The committee approved including solar generation in net load calculations and forecasts, and adjusting for additional over-forecast uncertainty from projected increases in installed wind capacity.
Goff, who chairs the Qualified Scheduling Entity Managers Working Group, asked that the WMS and the Retail Operations Subcommittee be directed to evaluate the non-spin procurement methodology, reflecting conversations taking place within his group and the WMS.
“Our deployments of non-spin aren’t closely correlated with the procurement of non-spin because we don’t typically forecast for error,” he said.
TAC Vice Chair Bob Helton, of Dynegy, reminded Goff that reviewing ancillary service methodology is a TAC goal for 2018.
Staff did not propose any changes for determining regulation service and responsive reserve quantities.
The TAC also unanimously approved four other NPRRs and a verifiable cost manual revision.
- NPRR834: Clarifies processes associated with ERCOT’s repossession of congestion revenue rights following a payment breach or other default by a market participant.
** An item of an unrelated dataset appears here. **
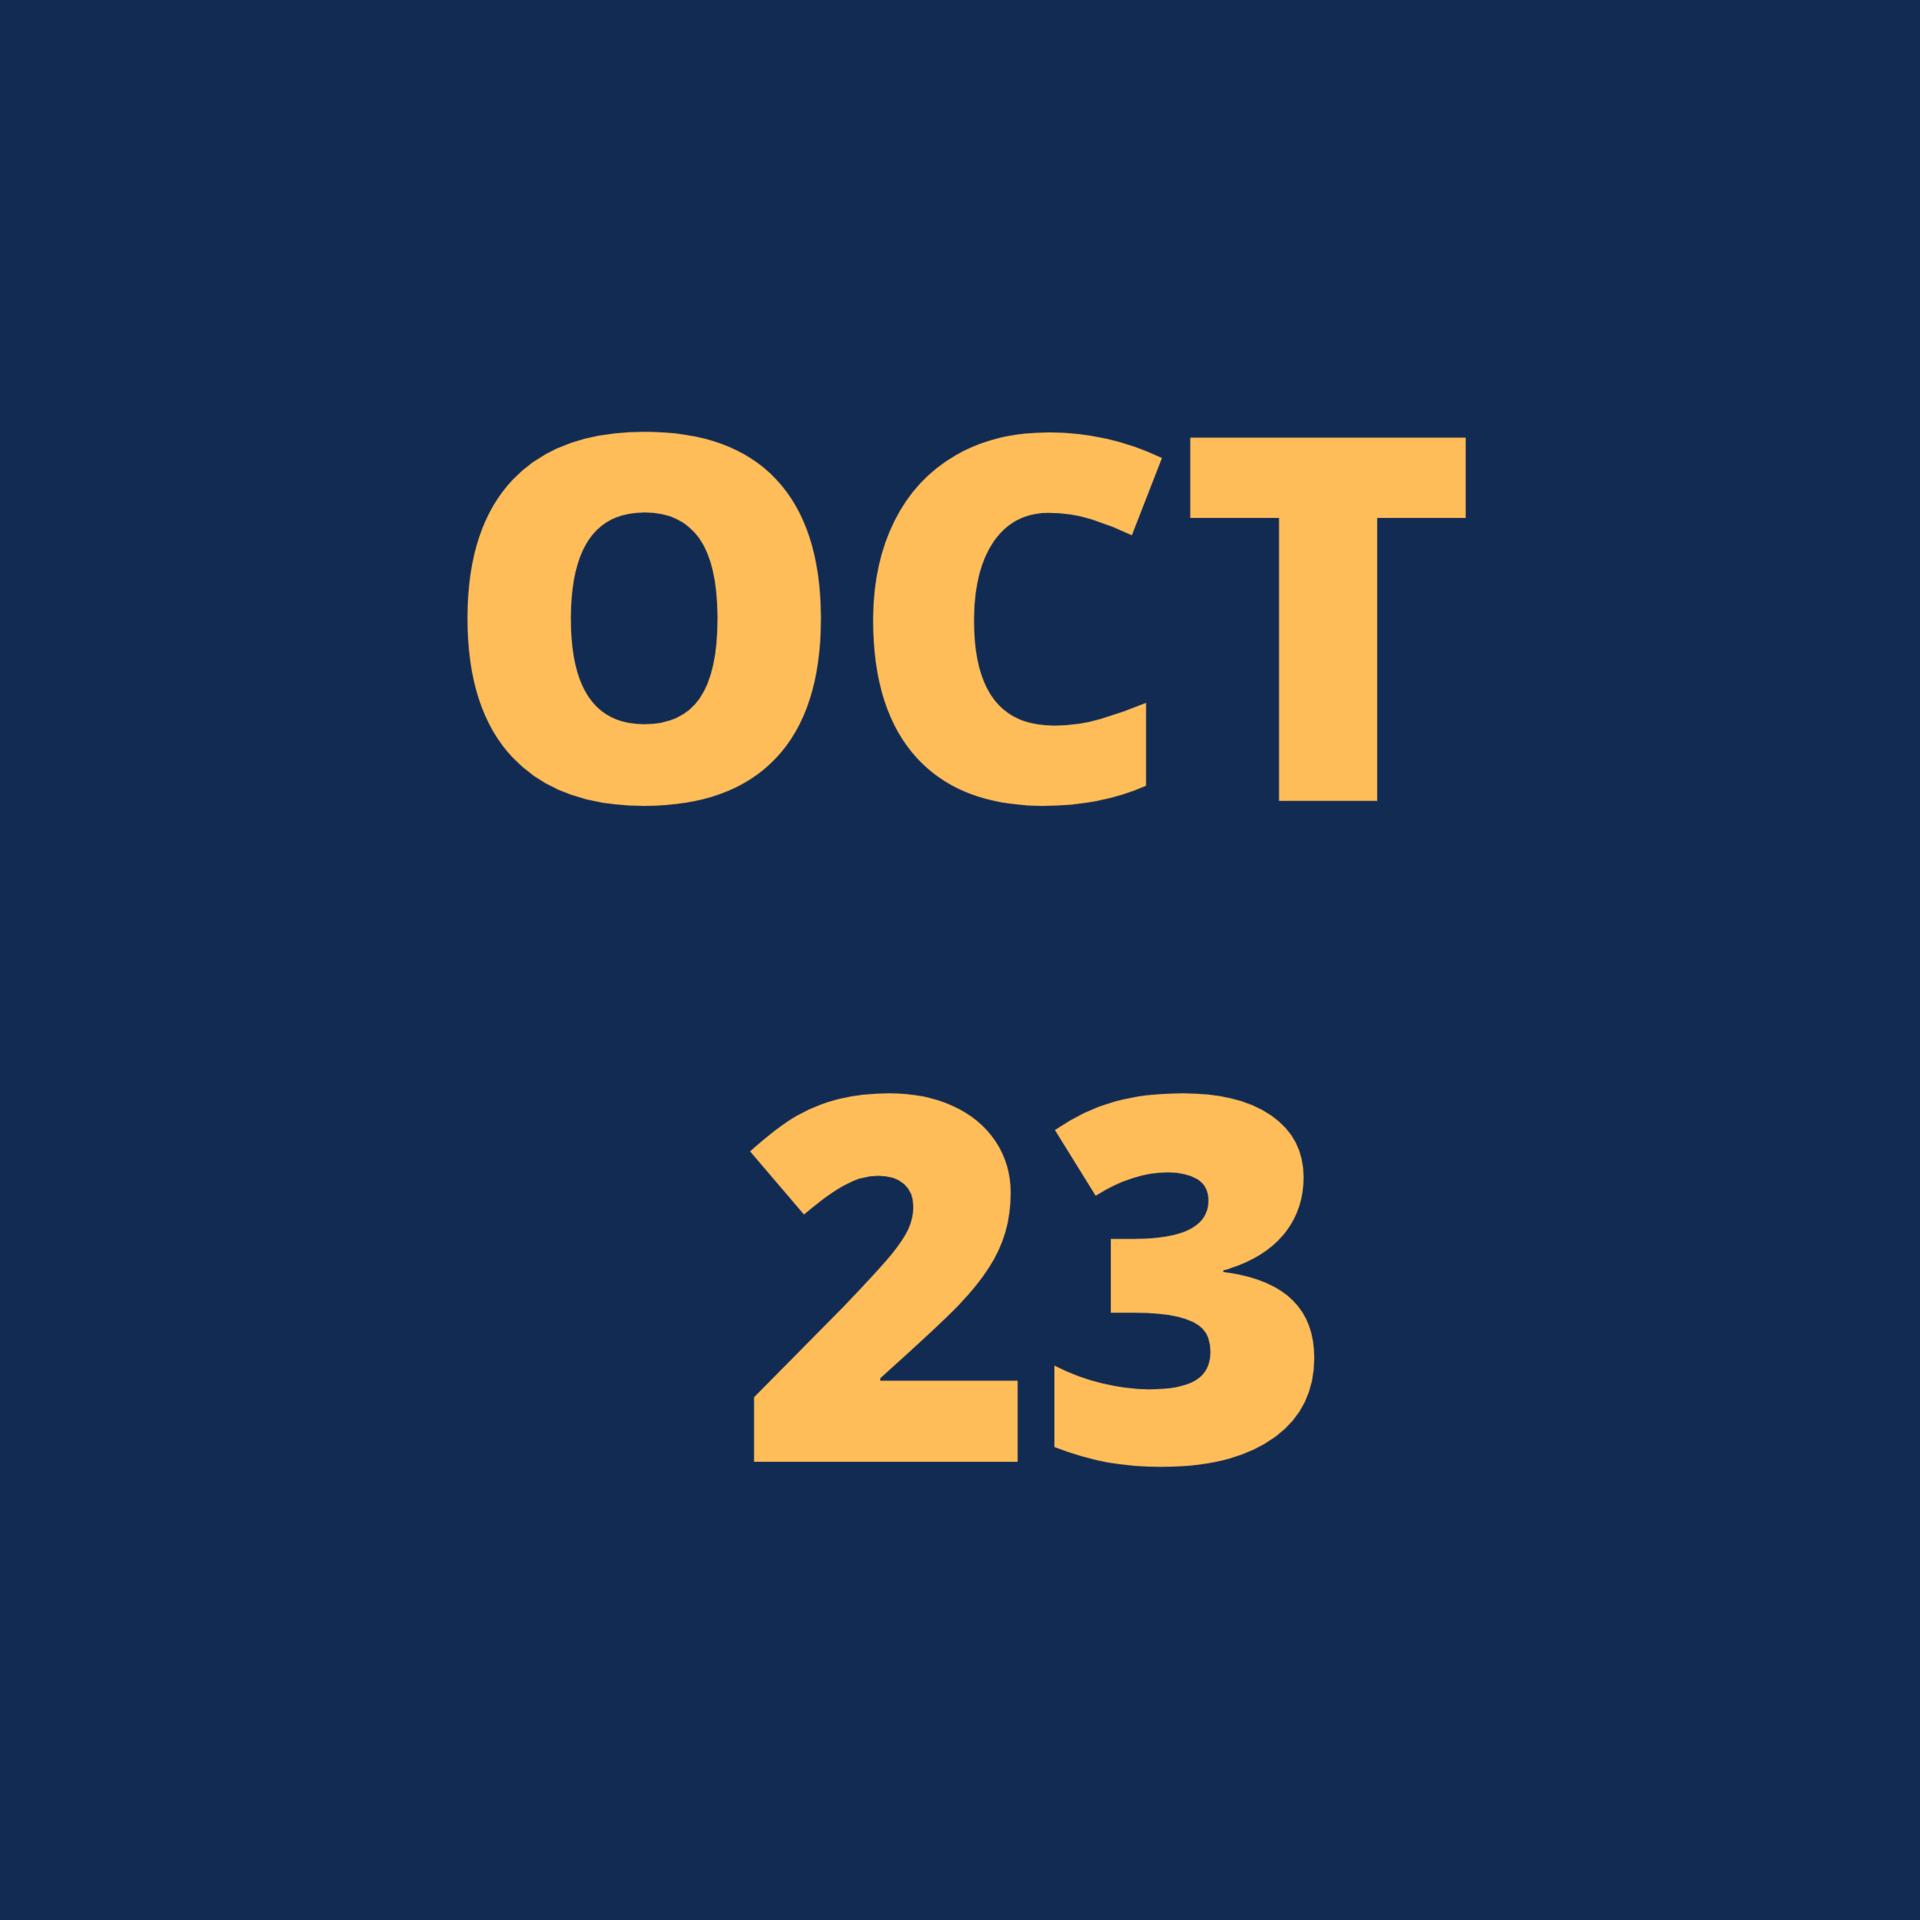 Oct 23 Icon

The change specifies data transparency requirements; documents the disposition of auction revenue funds above amounts owed to ERCOT; clarifies that the one-time auction bids must be positive; and allows the immediate transfer of CRR ownership to the winning bidder should an auction be necessary.
- NPRR839: Updates the protocols to clarify that, upon receiving meter data transactions from transmission or distribution service providers, ERCOT will forward the transactions to the designated competitive retailer.
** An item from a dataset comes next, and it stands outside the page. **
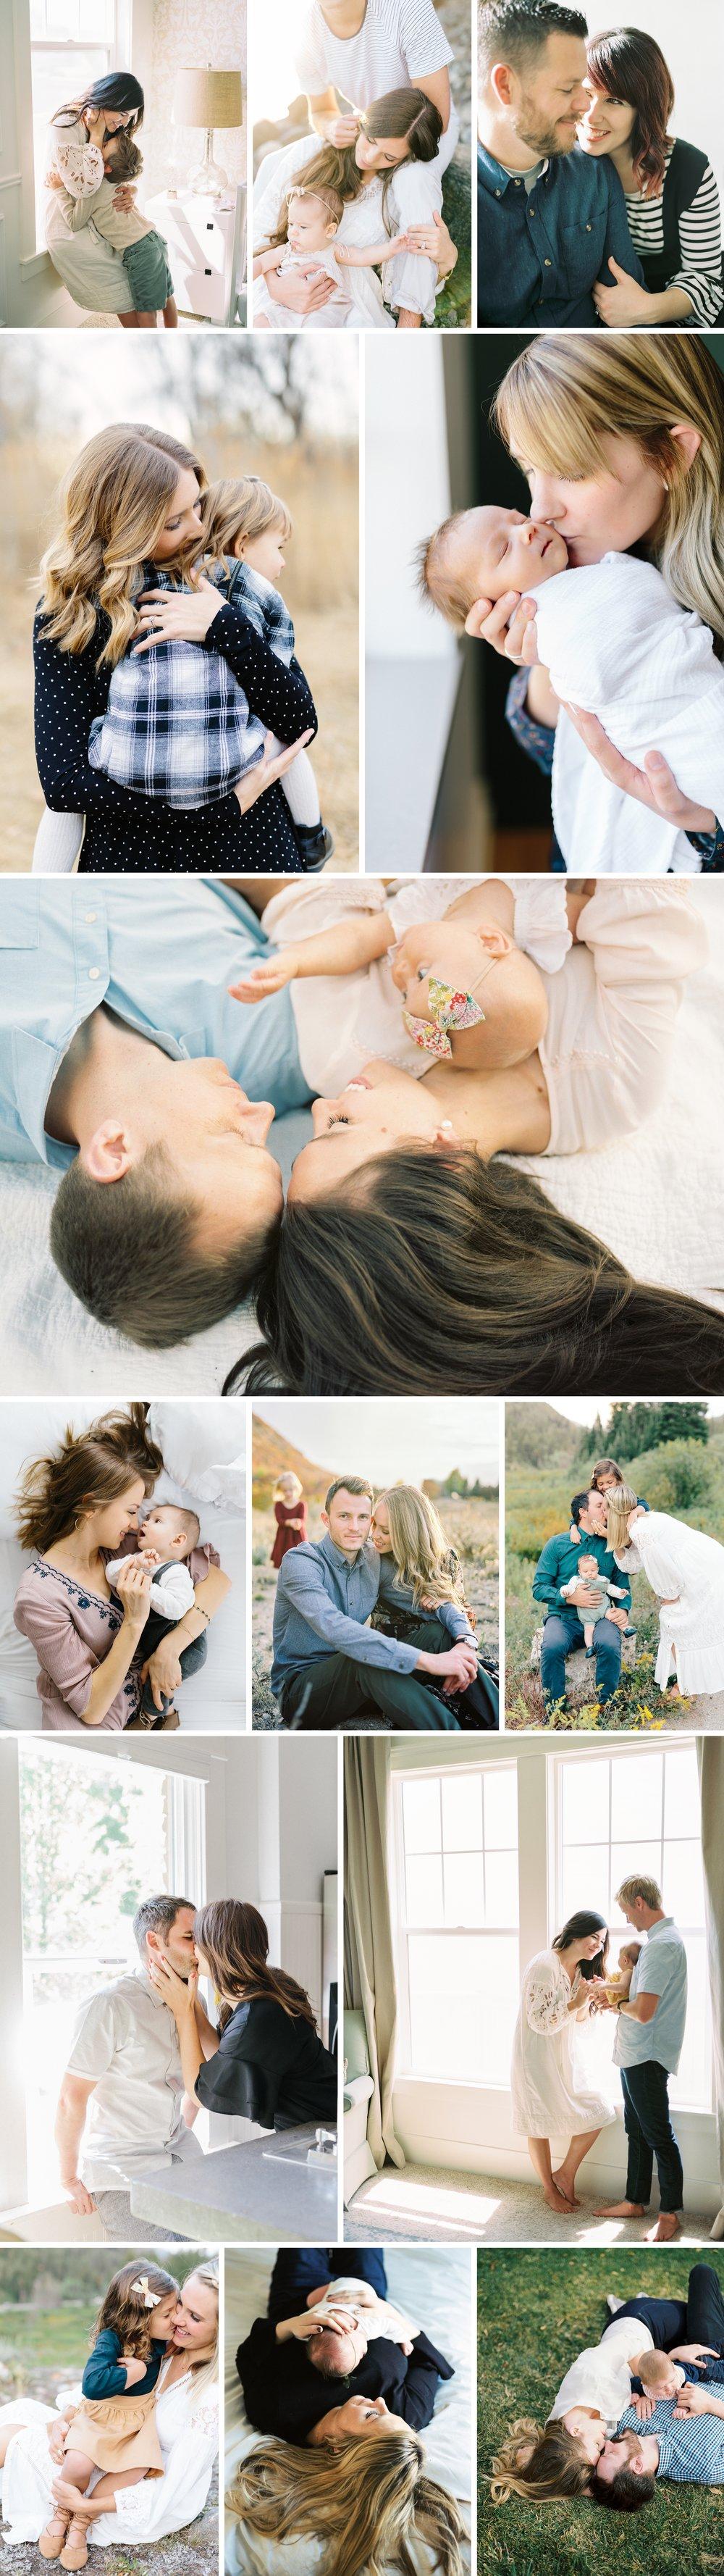 raeganchristensenphotographyfamily1

- NPRR843: Addresses four reporting items in Section 3 of the Nodal Protocols (Management Activities) by:
- Changing the short-term system adequacy reports’ logic for more consistent treatment of resource status; adding language to provide clarity to the reports’ end users;
- Creating a new report that will show the portion of ancillary service (AS) offers at or above 50 times the fuel index price (FIP) when the market-clearing price for capacity of the service exceeds 50 times FIP;
- Adding elements to the “48-hour highest price AS offer selected” report, including the highest-priced AS offer selected in a supplemental AS market (SASM); and
- Creating a SASM disclosure report to provide transparency into AS offers and awards for any SASMs executed within an operating day.
- NPRR846: Allows previously committed emergency response service (ERS) resources to participate in must-run-alternative agreements and modifies the methodology for evaluating the performance during the first partial interval for ERS loads on the alternate baseline. The change also defines acceptable parameters for an ERS generator’s self-serve capacity, sets the ERS test performance factor to significantly lower values and in some instances to zero for resources with three consecutive test failures in a 365-day period, along with additional administrative changes and clarifications to existing ERS protocol language.
- VCMRR019: Provides clarifications needed following the incorporation of NPRRs 485 and 617 by shortening the timeline for acceptance or rejection of approved verifiable costs from five to three business days.